Sure. I have heard this now so many time here. To me however Kafka the software ...

jpgvm · on Oct 12, 2020

I think Kafka inherits too much of this "heinously complex" reputation from Zookeeper (which itself is also not heinously complex, just some people have an allergy to either JVM, ZAB or both).

Internally it's one of the simpler pieces of software I rely on. It's base API is small and effective and works "as you would expect". Replication uses the same fetch API consumers use, because why wouldn't it? Controller election uses tried and true ZK patterns, it's log storage is pretty simple, even the compaction logic is understandable.

To be fair I have spent a lot of time with it, patched it and it's pretty much the core of my toolbox but I don't think this is a controversial opinion among data infrastructure engineers. Compared to other software we work with Kafka is some of the simpler, dumber stuff which is refreshing.

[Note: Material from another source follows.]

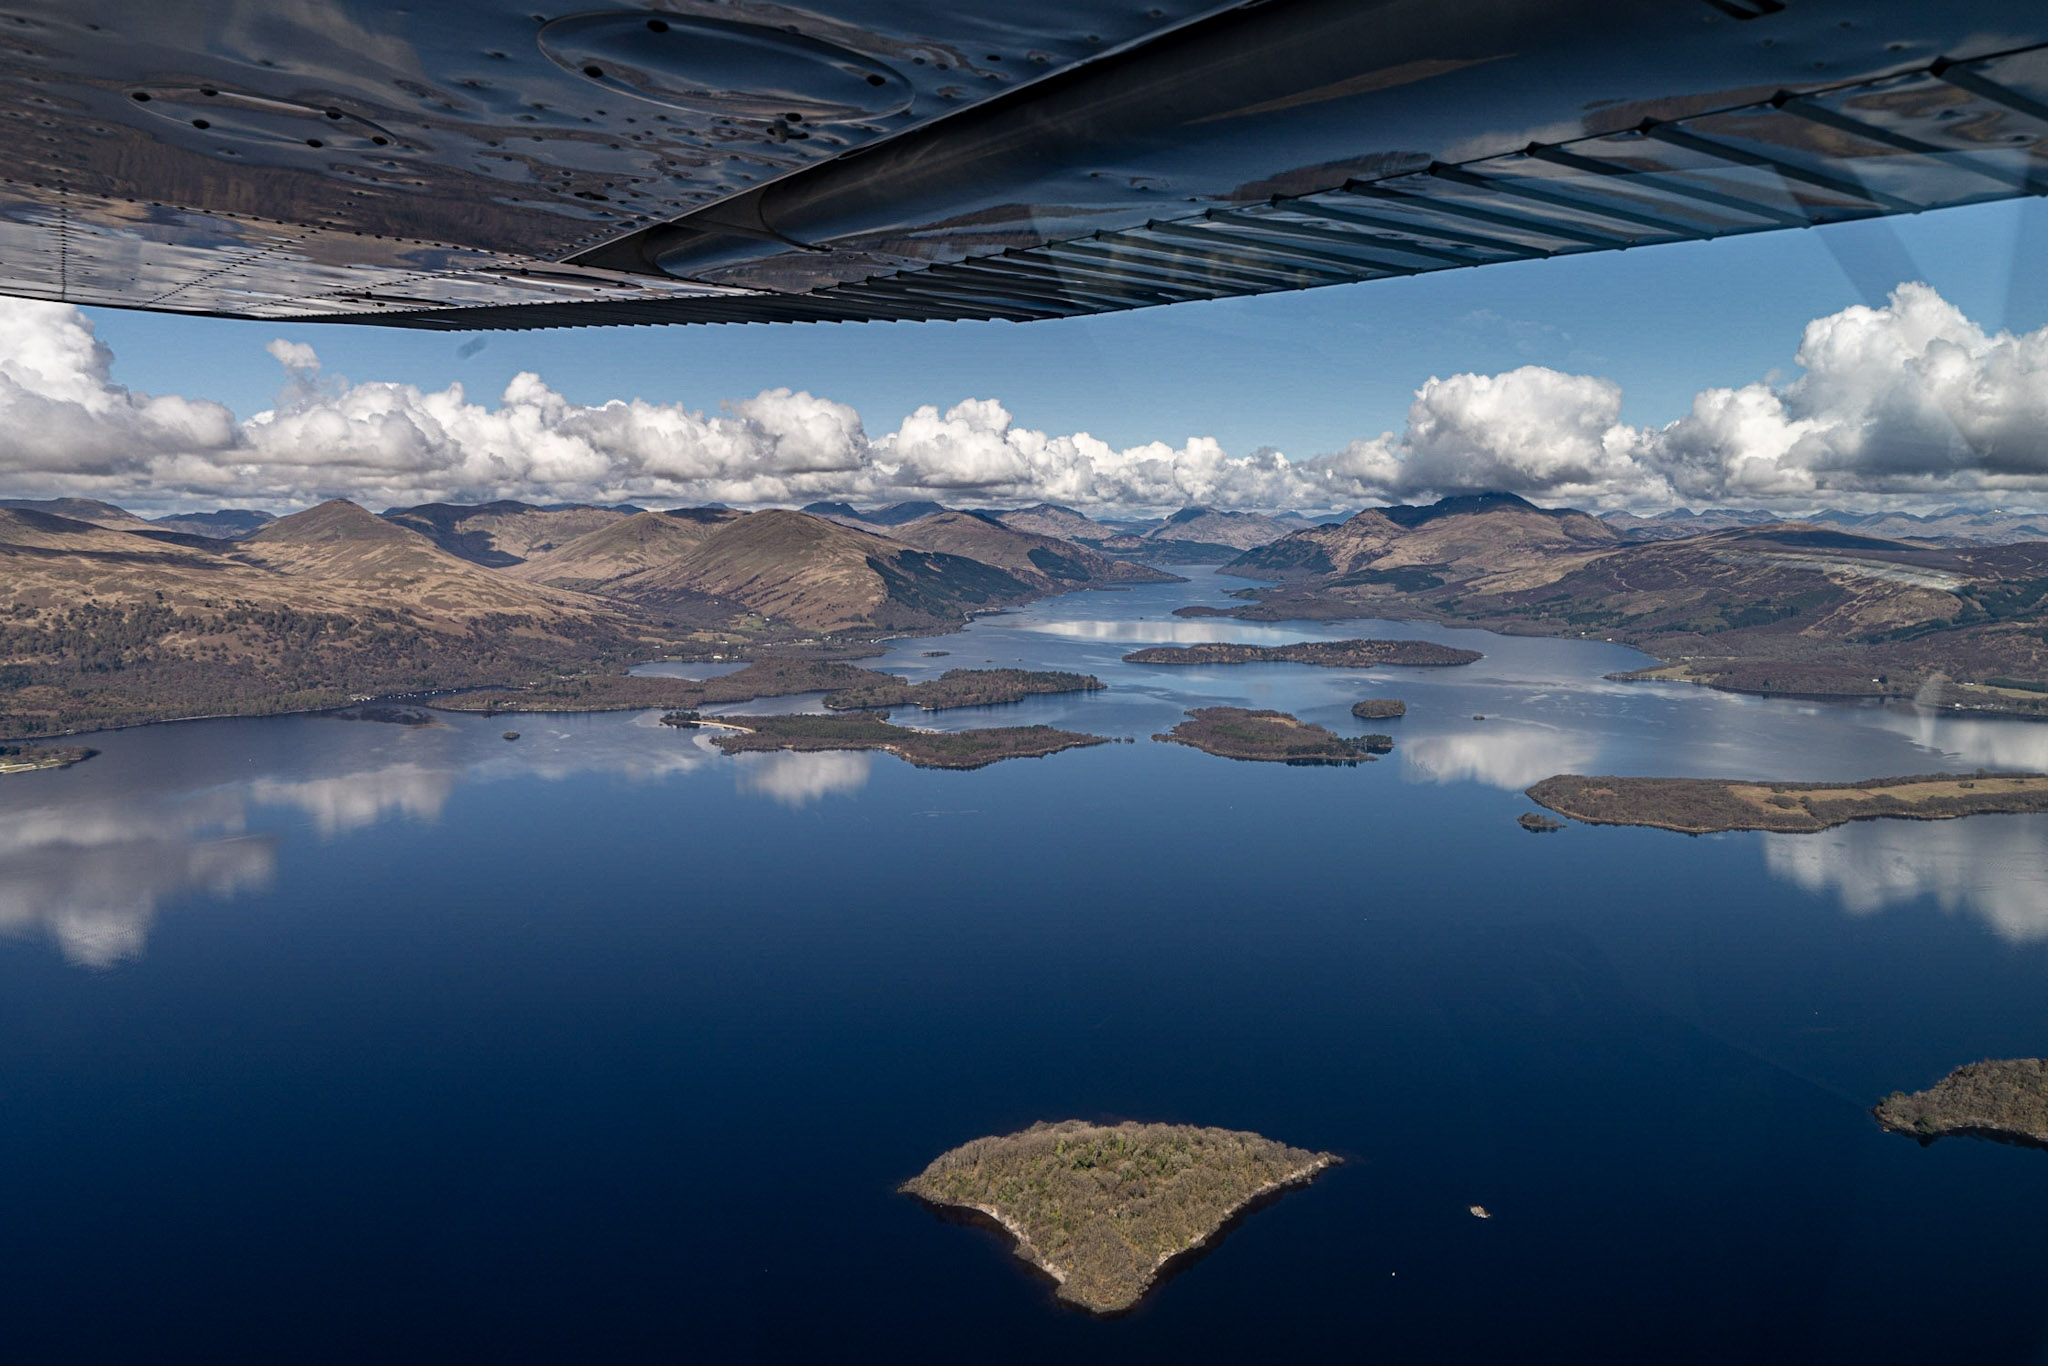 Flying over Loch Lomond in Scotland
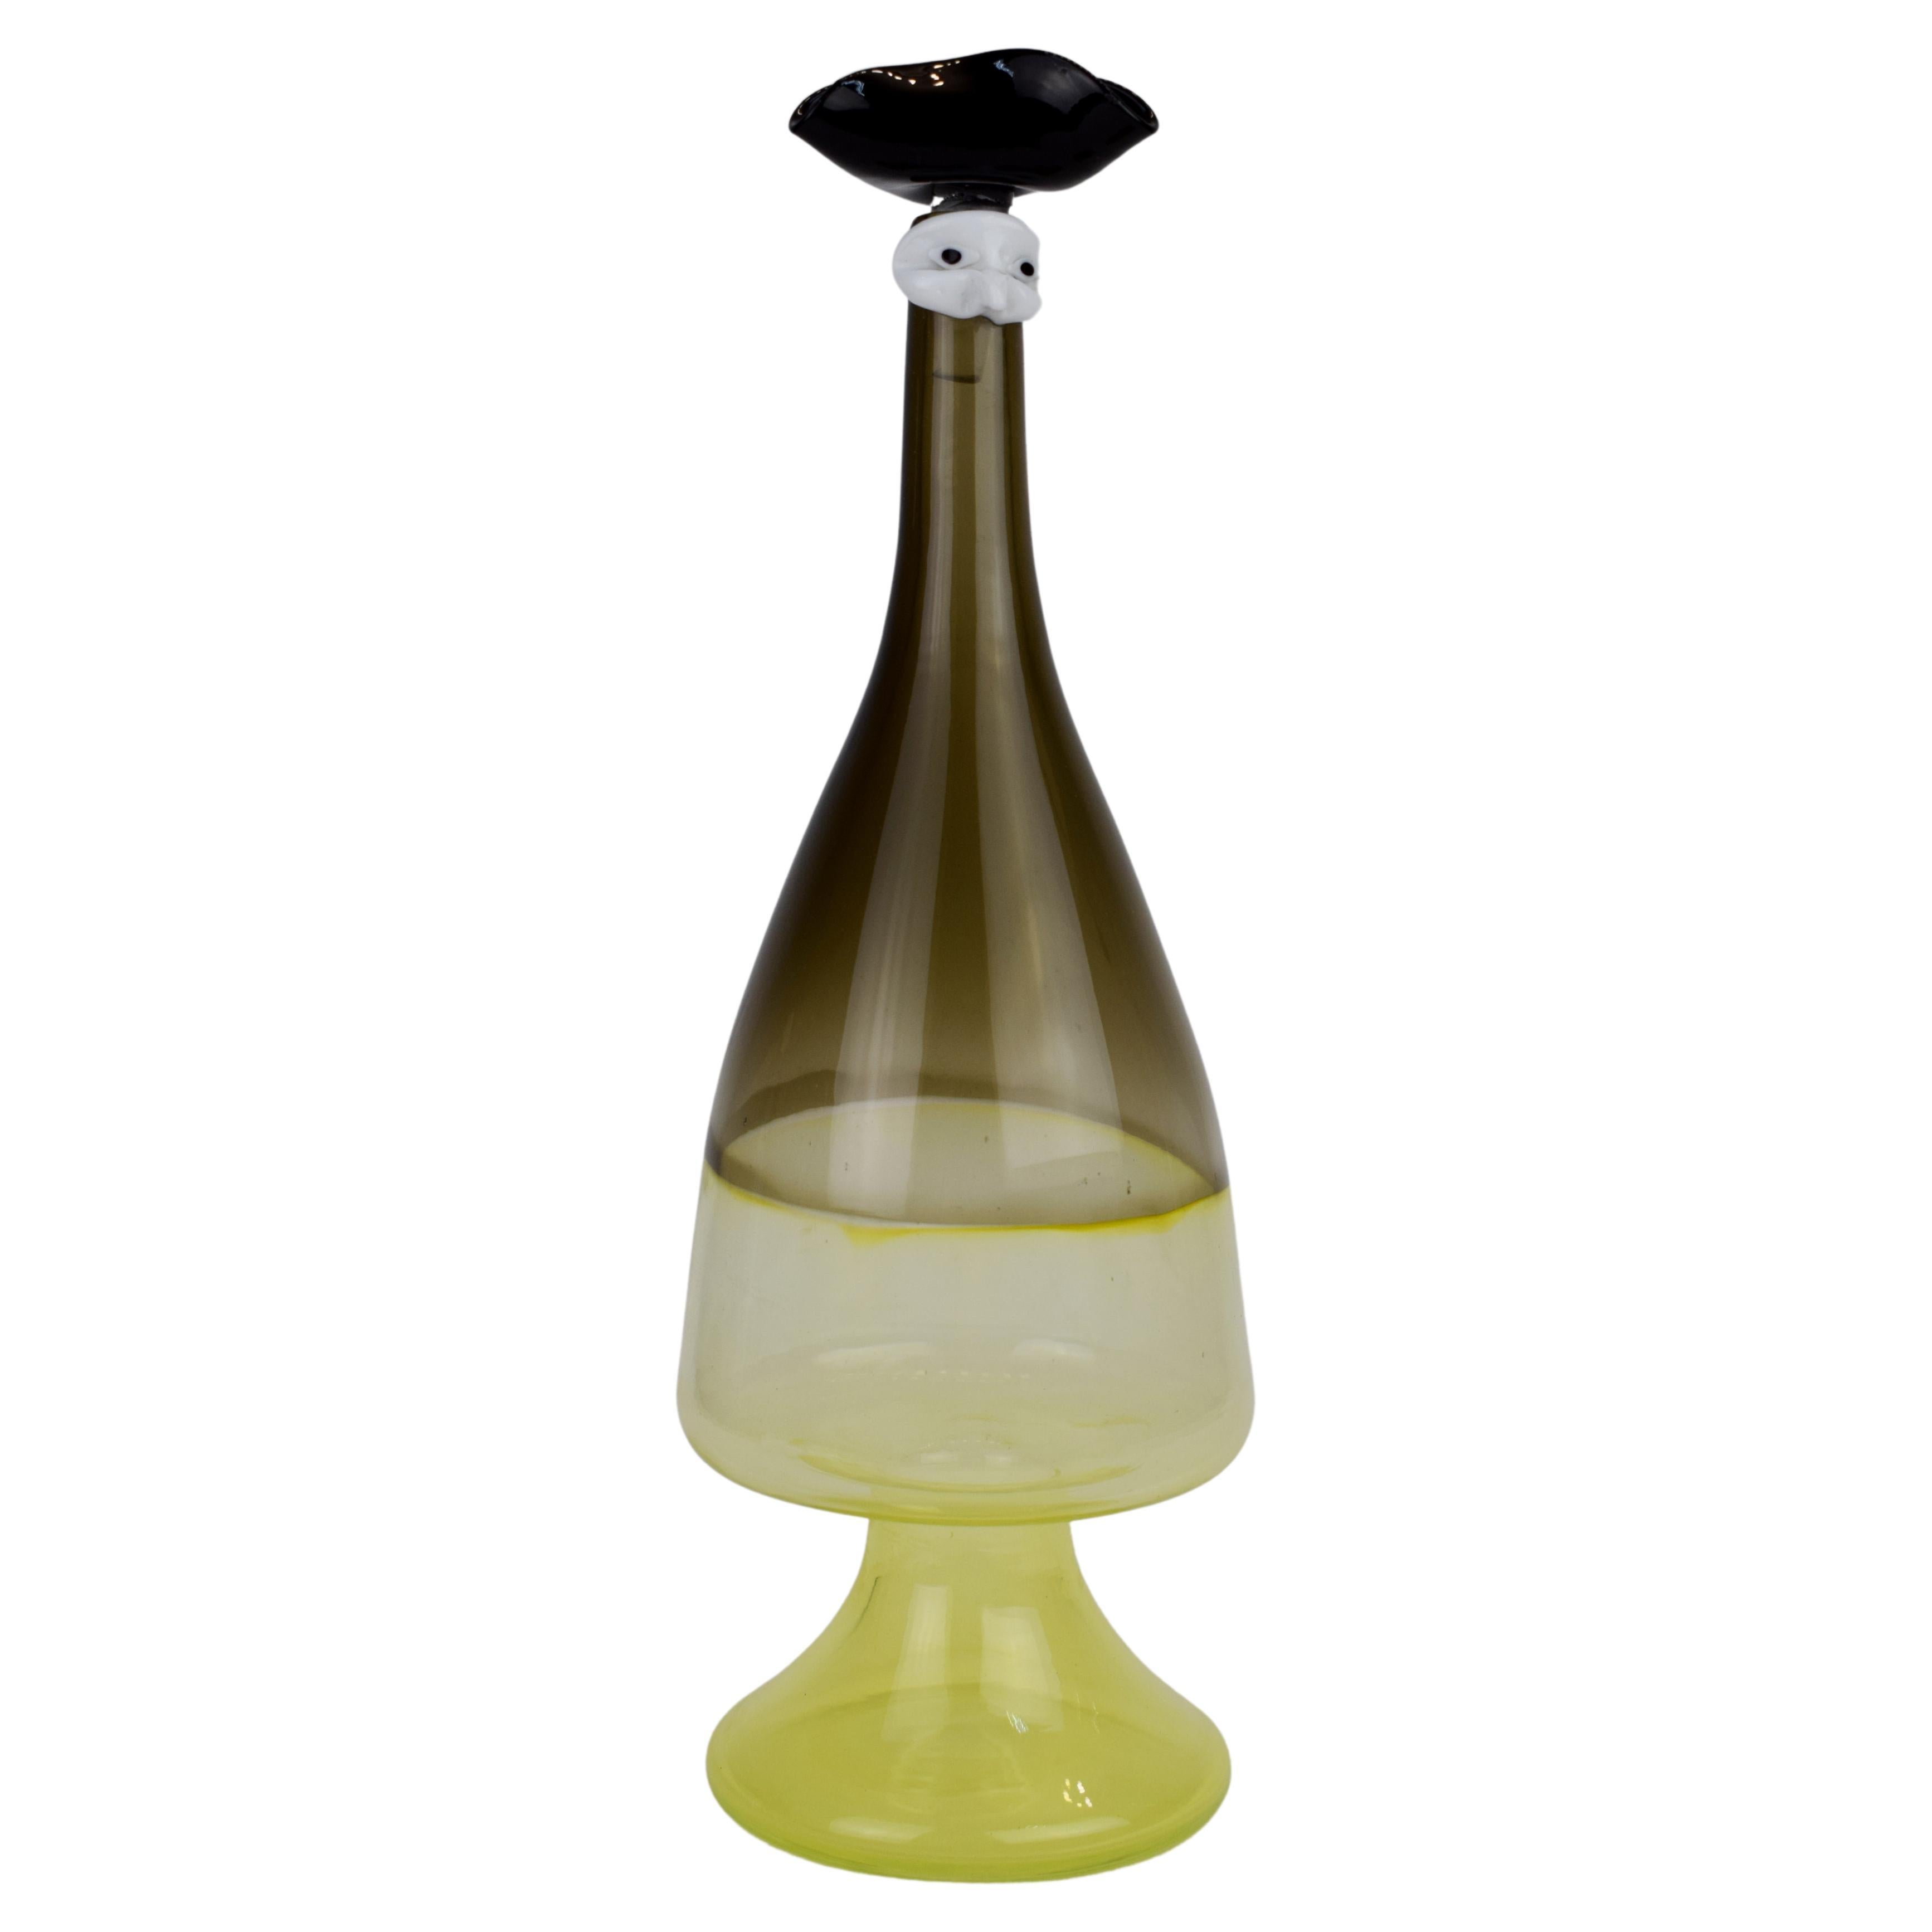 Italian Murano Glass Vase, 1960s.

On the other hand I really want to learn Pulsar but it definitely is more complex, my hope is that complexity pays off with big architectural advantages but we will see. :)

On the topic of what to use it for chances are if you don't know what it's for you probably don't have the problems it's meant to solve. I don't mean that in a derogatory way just that it's designed for large distributed architectures where many interested parties want to consume the same data. Or where a small number of very high throughput applications need a buffered transport that can take the load and spill to disk etc. I.e it is inherently niche, most companies don't have these problems.

prerok · on Oct 12, 2020

We came for the gems but all we got is shards :)

nullsense · on Oct 12, 2020

It's named Kafka because LinkedIn's data access story was Kafkaesque and they wanted a way to wrangle it, so they wrote a tool to do that and named it Kafka.

It's good if you have a use for it.